### Exercise directions
Leave every image out, and print the remaining lines below exactly.

### Dataset extract

*** Block opens ***

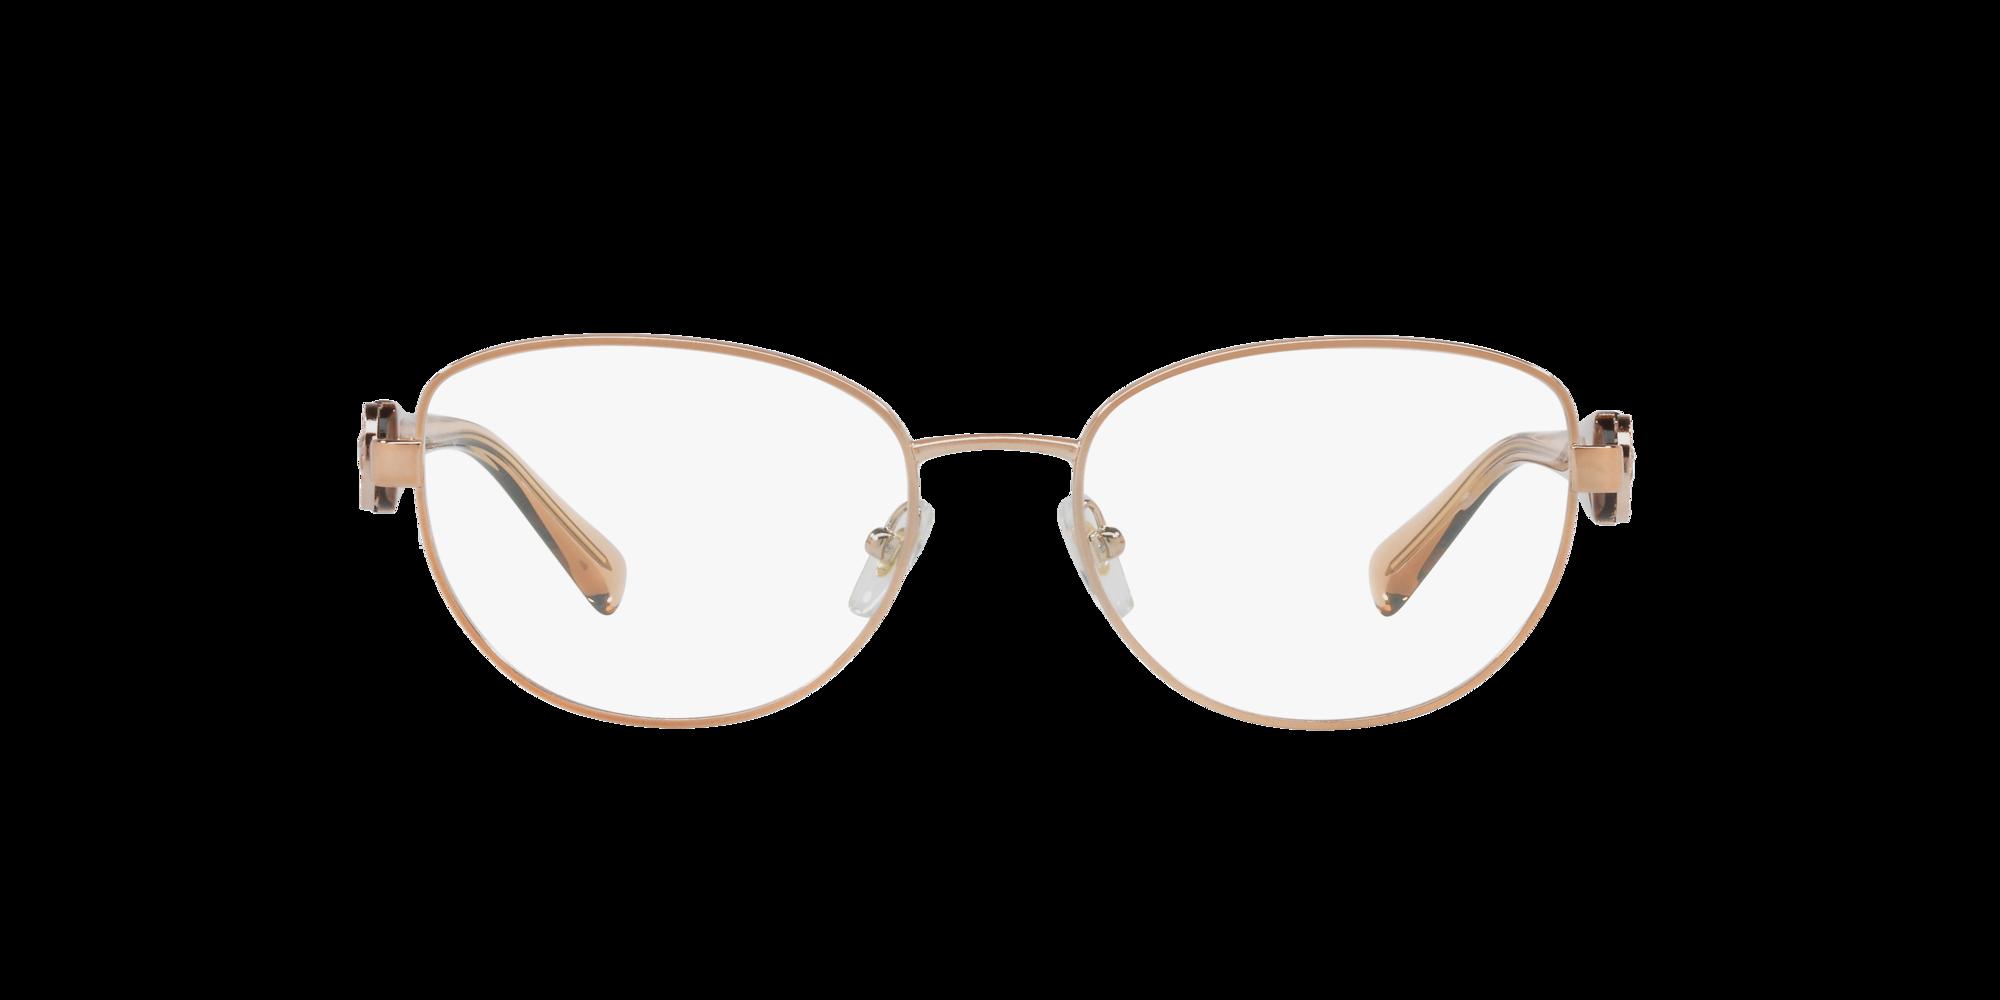 Image for VE1246B from LensCrafters | Glasses, Prescription Glasses Online, Eyewear
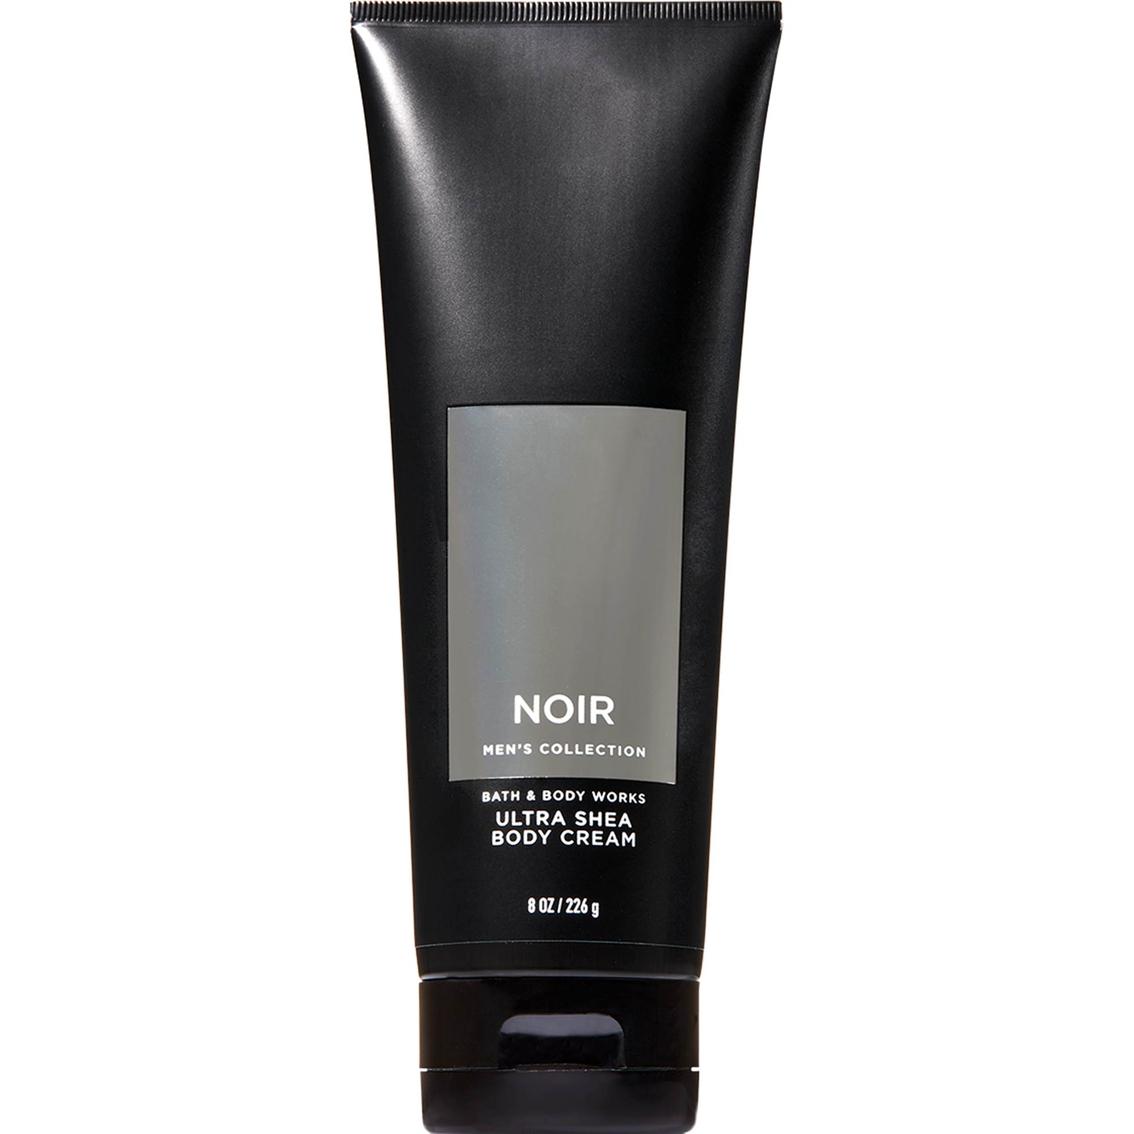 f258687f89 Bath & Body Works Men's Noir Body Cream | Body & Hair Care | Beauty ...
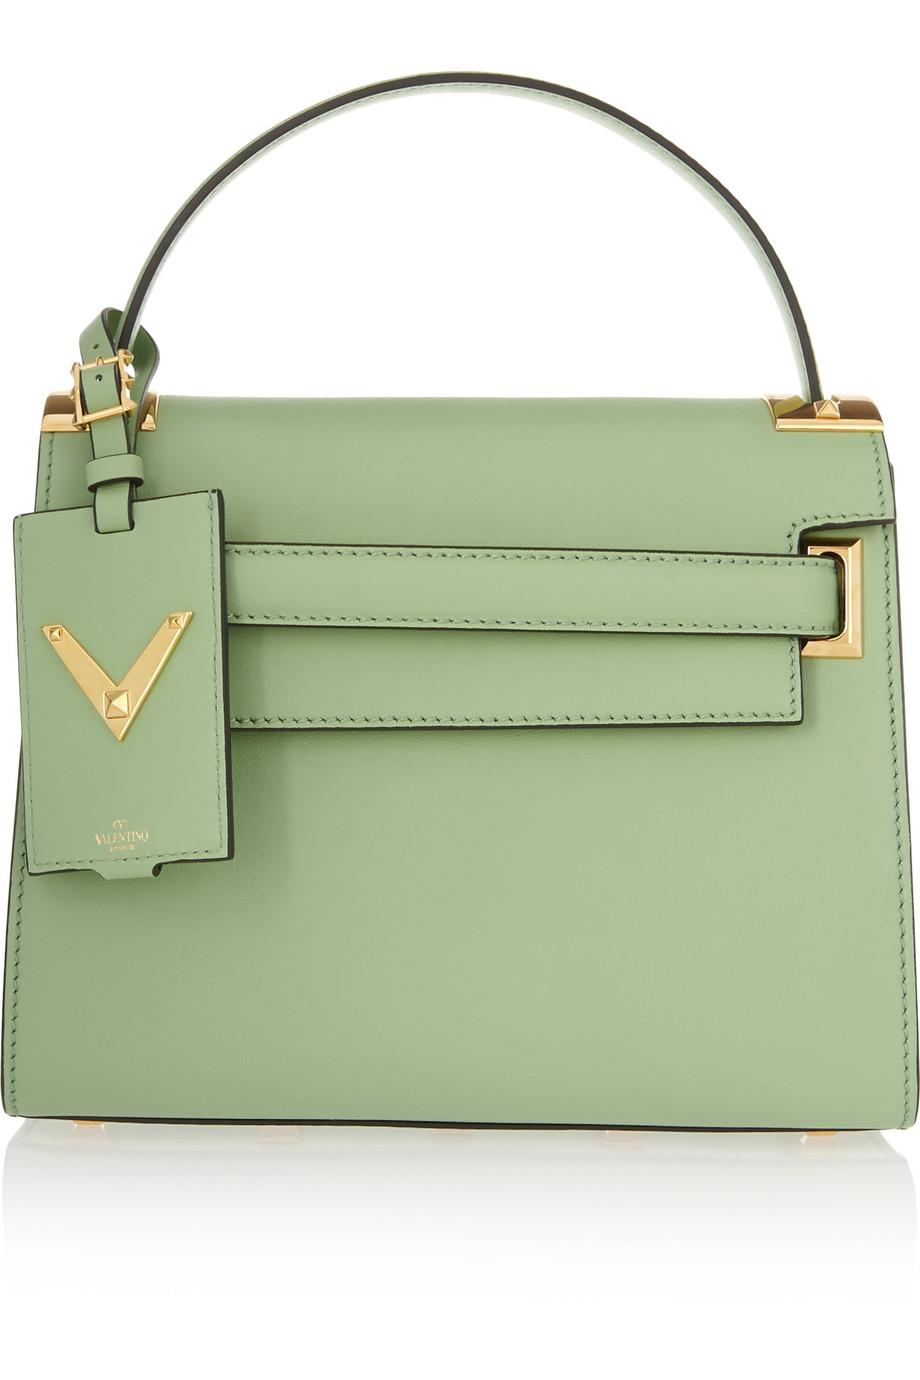 Valentino My Rockstud Leather Tote, Mint, Women's

*** Block closes ***

### Expected answer
 Image for VE1246B from LensCrafters | Glasses, Prescription Glasses Online, Eyewear
 f258687f89 Bath & Body Works Men's Noir Body Cream | Body & Hair Care | Beauty ...
 Valentino My Rockstud Leather Tote, Mint, Women's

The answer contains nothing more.